A focus puller or first assistant camera (1st AC) is a member of a film crew's camera department whose primary responsibility is to maintain the camera lens's optical focus on whatever subject or action is being filmed.

"Pulling focus" refers to the act of changing the camera lens's focus distance to a moving subject's distance from the focal plane, or the changing distance between a stationary object and a moving camera. For example, if an actor moves from 8 m to 3 m away from the focal plane, the focus puller changes the lens's distance setting in precise relation to the actor's changing position. The focus puller may also shift focus from one subject to another as the shot requires, a process called "rack focusing".

==Focus pulling==
There is often very little room for error, depending on the parameters of a given shot. The focus puller's role is extremely important to a film production. In most circumstances, a "soft" image is considered unusable, as such an error can't be corrected in post-production— while it is possible to take detail out of a frame, any detail missed due to incorrect focus is lost. An actor may not be able to duplicate what was the best performance in a subsequent take, so the focus puller is expected to perform flawlessly every time.

British cinematographer Oliver Stapleton has written:

The 1st AC (or Focus Puller) has one of the hardest jobs on the set. And it's one of those jobs that are never noticed until it is wrong.

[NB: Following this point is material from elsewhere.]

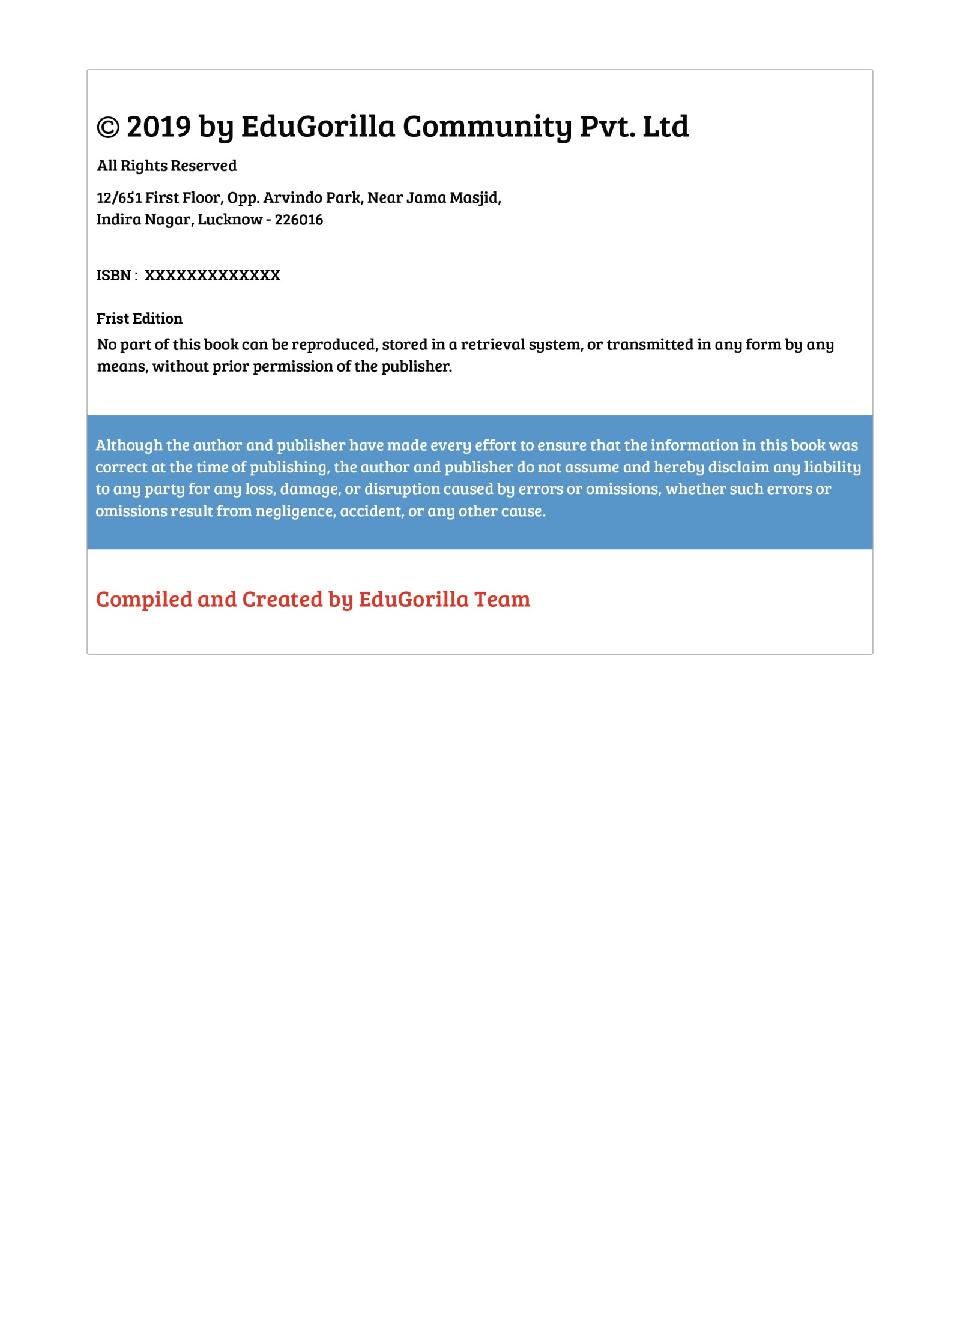 EduGorilla DRDO Trade Apprentice (Electrician) - 2020 - 15 Topicwise Tests - Page 4

Then you get an almighty bollocking, or you get fired ... Focus Pulling not only involves what it sounds like, but also the Focus Puller "runs" the department, in the sense of taking care of all the camera gear and making sure that everything is tickety-boo. I have my own camera, so it's treated very well! A focus puller relies heavily on the Operator to tell him if the shot is out of focus — after all only the operator is actually looking through the lens.

== Methodology ==
Once a camera position or overall "shot" is established by the director of photography and camera operator, the 1st AC begins to measure the various distances between the actors' marks and the focal plane of the camera. These distances are recorded in a series of grease pencil or pen marks on the focus barrel of the lens; similar marks may be placed on the marking disc or ring of any follow focus device being used. Traditionally, the focus puller used only their marks and their own well-developed sense of distance estimation to achieve good results. Over the last decade, the increased use of digital cameras, higher-resolution video taps, and on-camera monitors has provided focus pullers with additional tools to help maintain proper focus. A high-definition monitor can be particularly useful when a fast-paced production simply does not allow time for the focus puller to set and check all marks that may be needed, or if no rehearsal will be provided. In most modern-use cases, wireless video sender technology is employed to send a high definition or 4K signal directly to the focus puller.

The 1st AC may take surveying measurements of the general environment in order to have a good idea of the distances between reference points, such as patterns on the floor or walls, furniture, and whatever else might be around. These reference measurements can be used to quickly establish rough distances between the camera and the subject in chaotic shooting circumstances.

The 1st AC reports to the director of photography, works alongside the camera operator, and oversees the 2nd assistant camera (also known as the "clapper loader") and any other members of the camera department.